All of the data that follows is to be written out exactly, with images excluded.

• _Source data_:
____________________

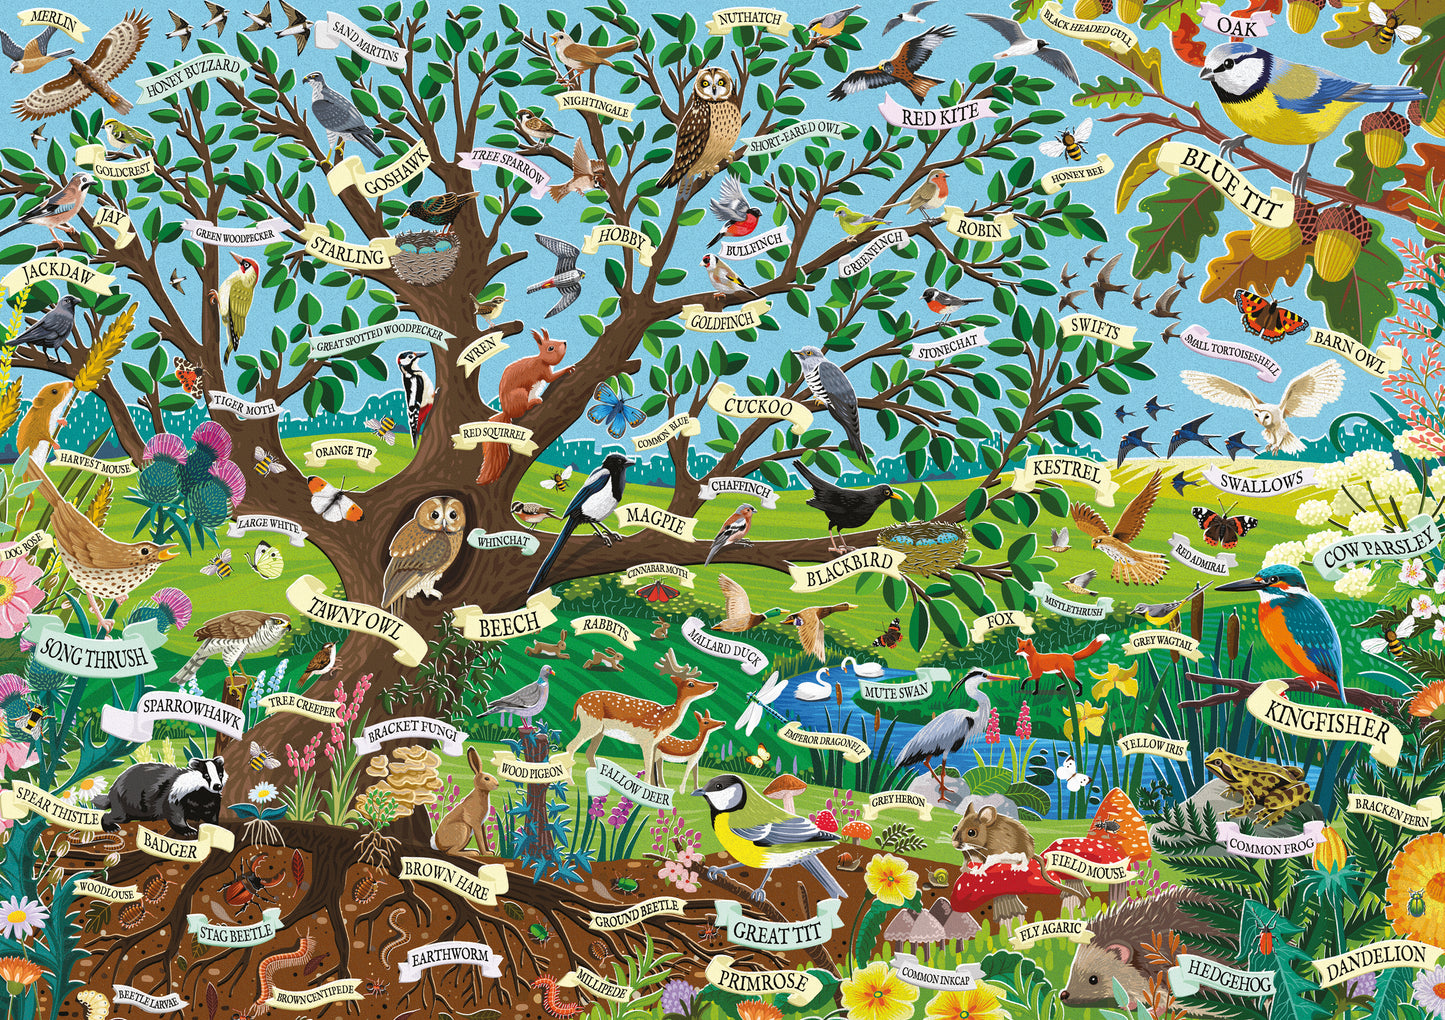 RSPB Wildlife Tree - Family Puzzle - 500XL Piece Jigsaw Puzzle
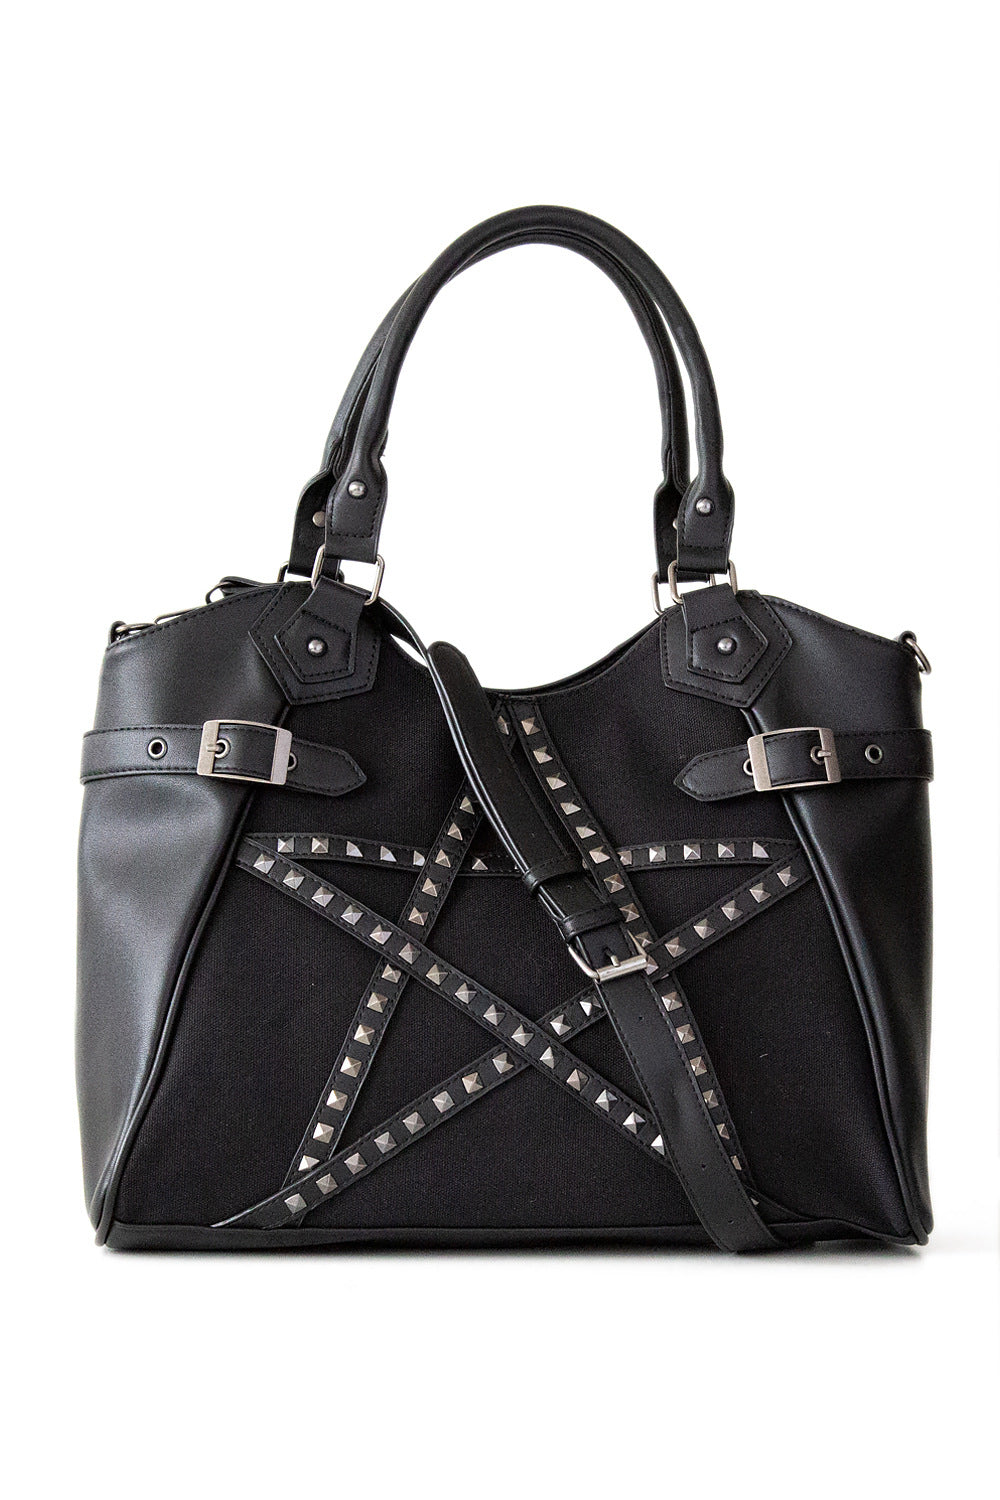 Black handbag with studded pentagram front
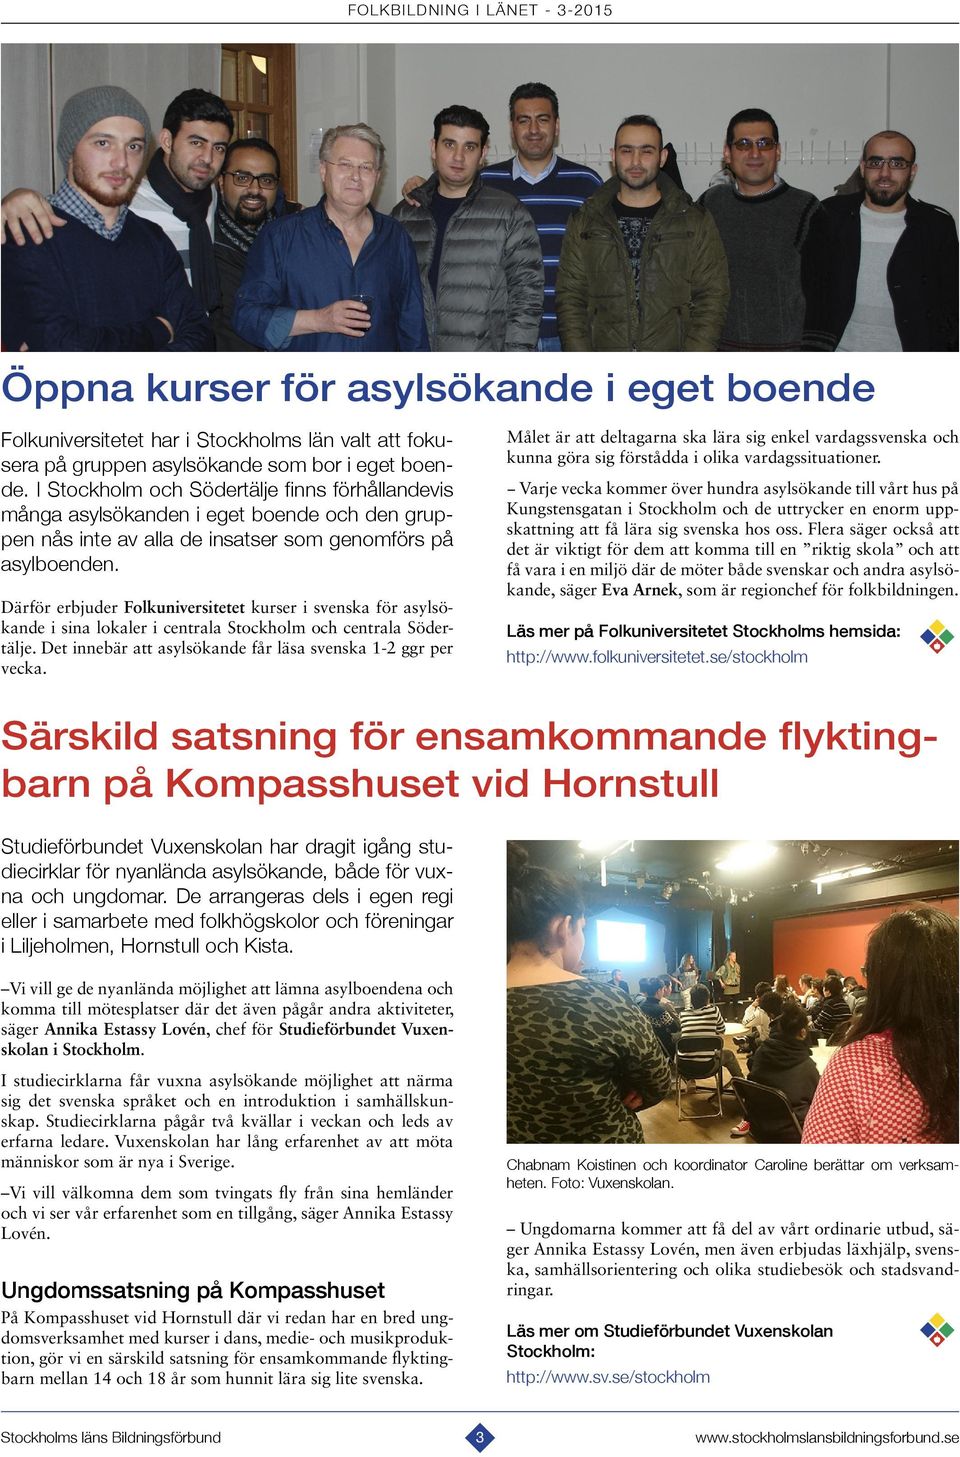 Därför erbjuder Folkuniversitetet kurser i svenska för asylsökande i sina lokaler i centrala Stockholm och centrala Södertälje. Det innebär att asylsökande får läsa svenska 1-2 ggr per vecka.

____________________

• _Result below_:
 RSPB Wildlife Tree - Family Puzzle - 500XL Piece Jigsaw Puzzle
 Black handbag with studded pentagram front
 Därför erbjuder Folkuniversitetet kurser i svenska för asylsökande i sina lokaler i centrala Stockholm och centrala Södertälje. Det innebär att asylsökande får läsa svenska 1-2 ggr per vecka.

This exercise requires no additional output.